■ **DATA BELOW**
======
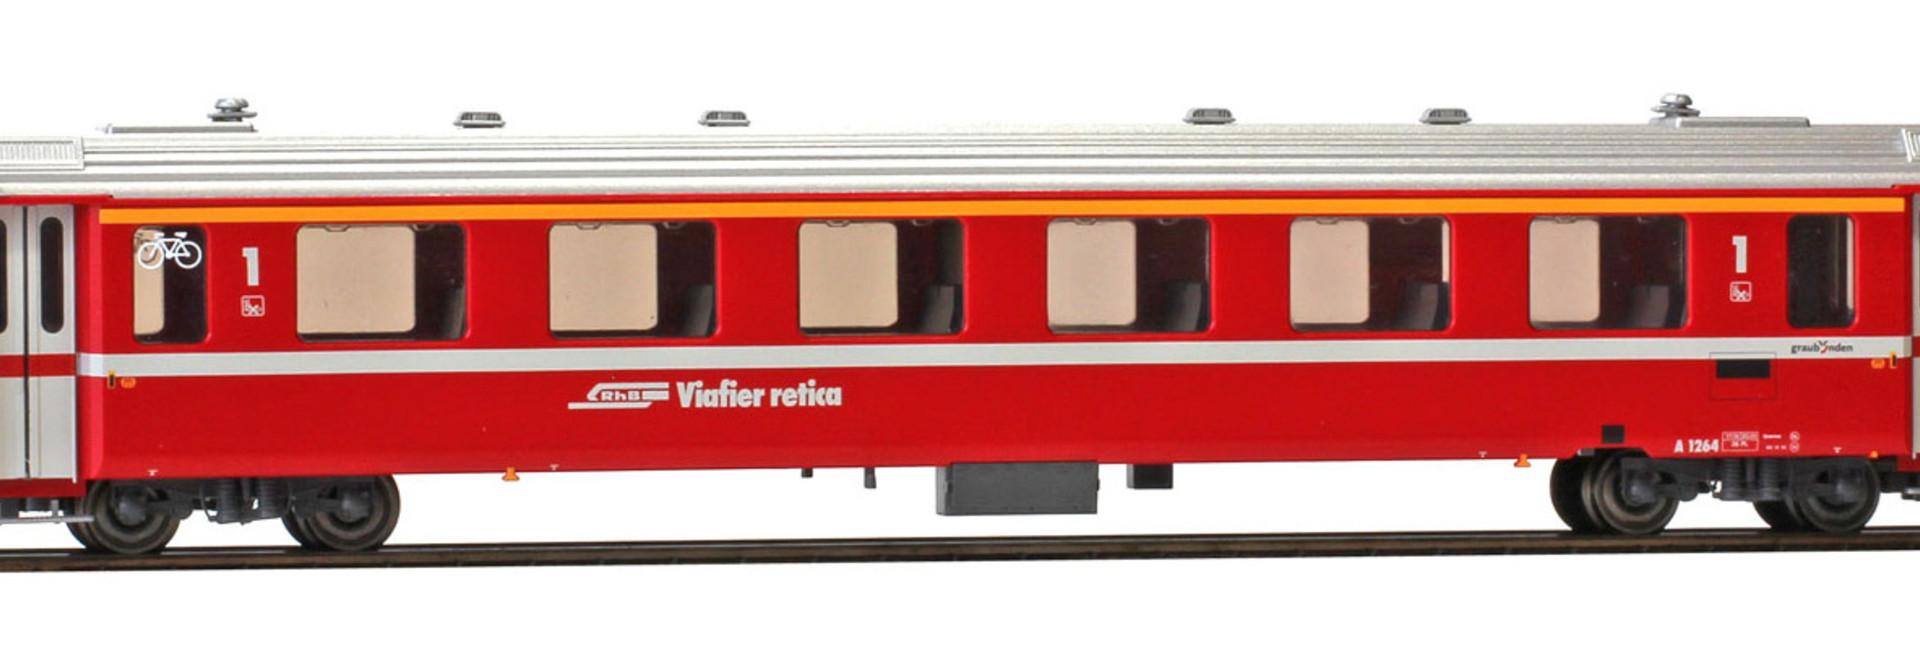 3242164 RhB A 1264 Einheitswagen II neurot
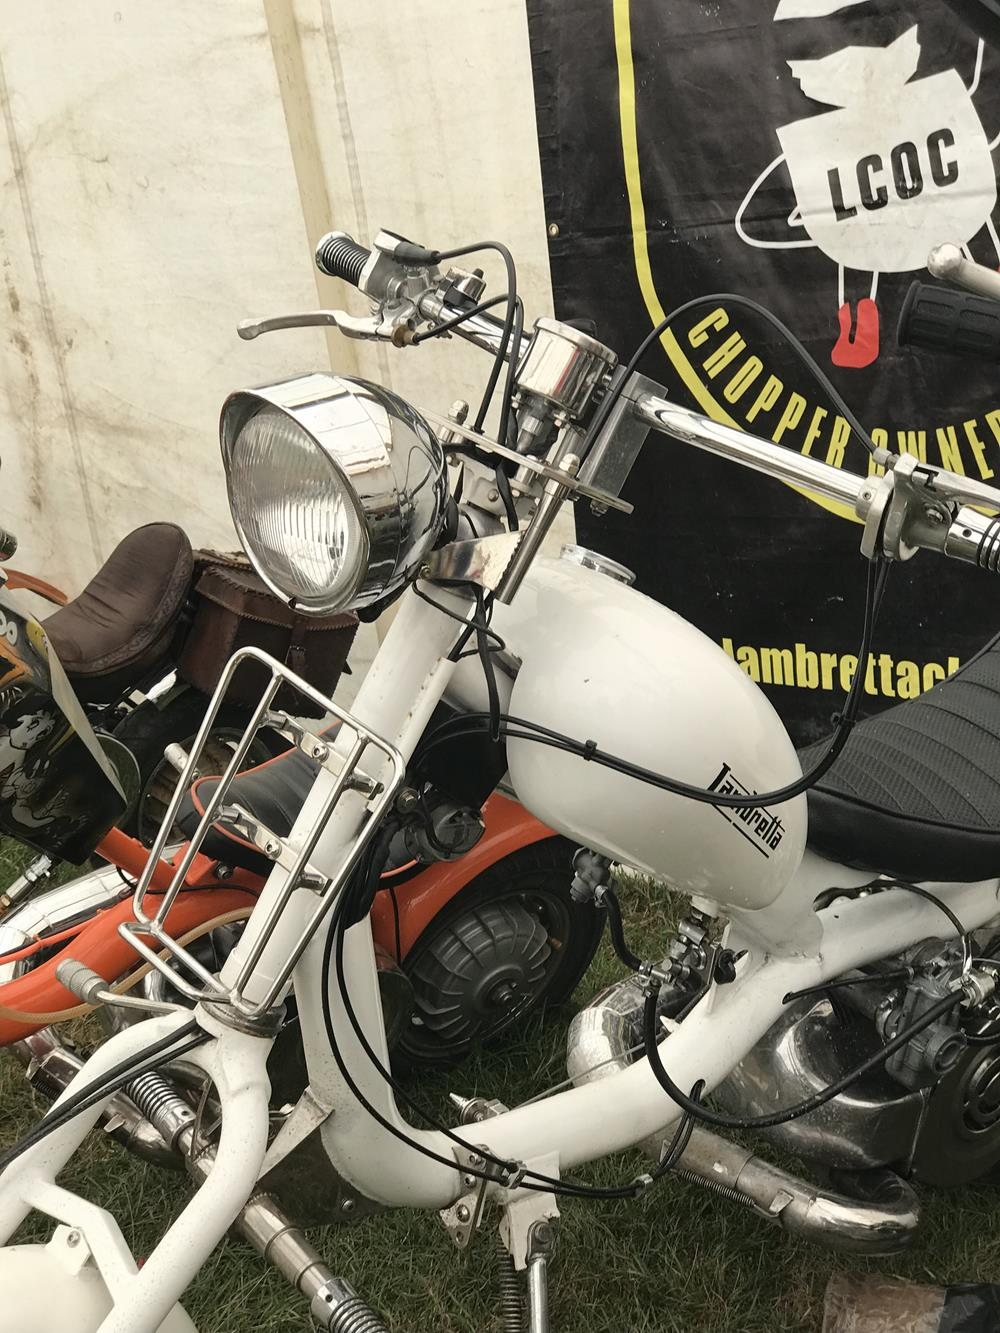 White Lambretta chopper
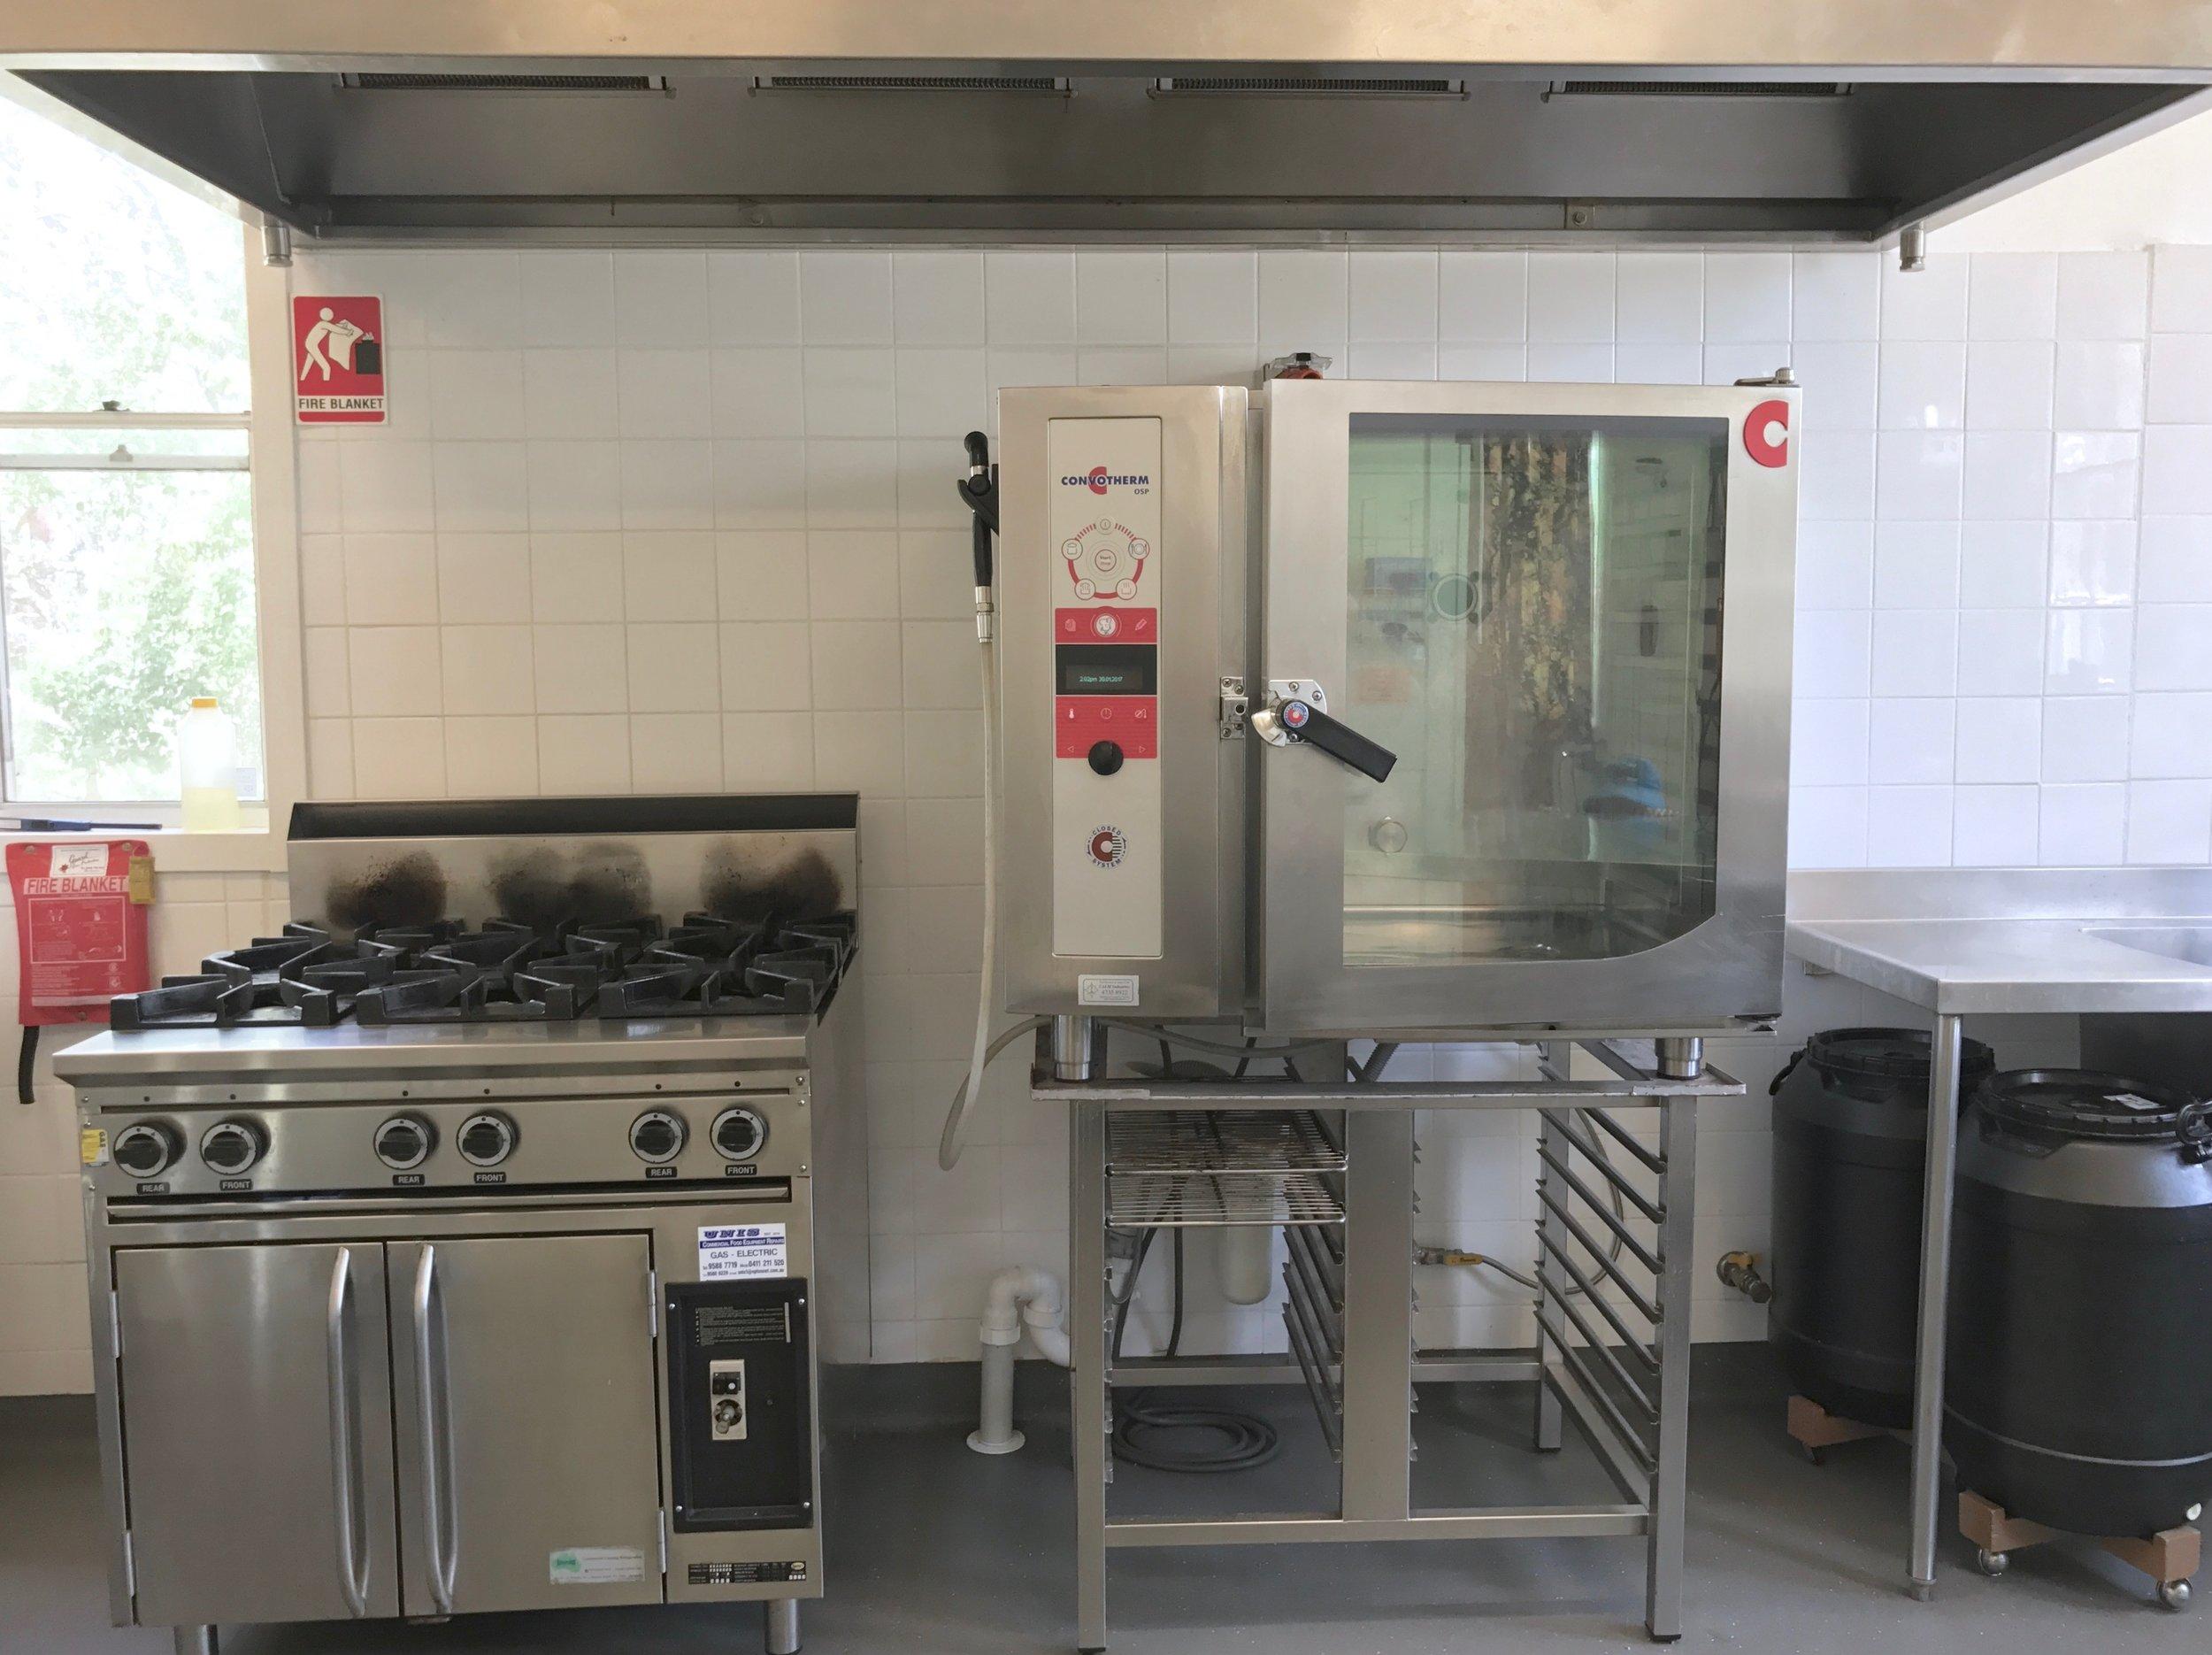 kitchen ovens.jpg
======
■ **WHAT YOU ARE ASKED TO DO**
Output the full listing verbatim; pictures stay out.

■ **ANSWER BOX**
 3242164 RhB A 1264 Einheitswagen II neurot
 White Lambretta chopper
 kitchen ovens.jpg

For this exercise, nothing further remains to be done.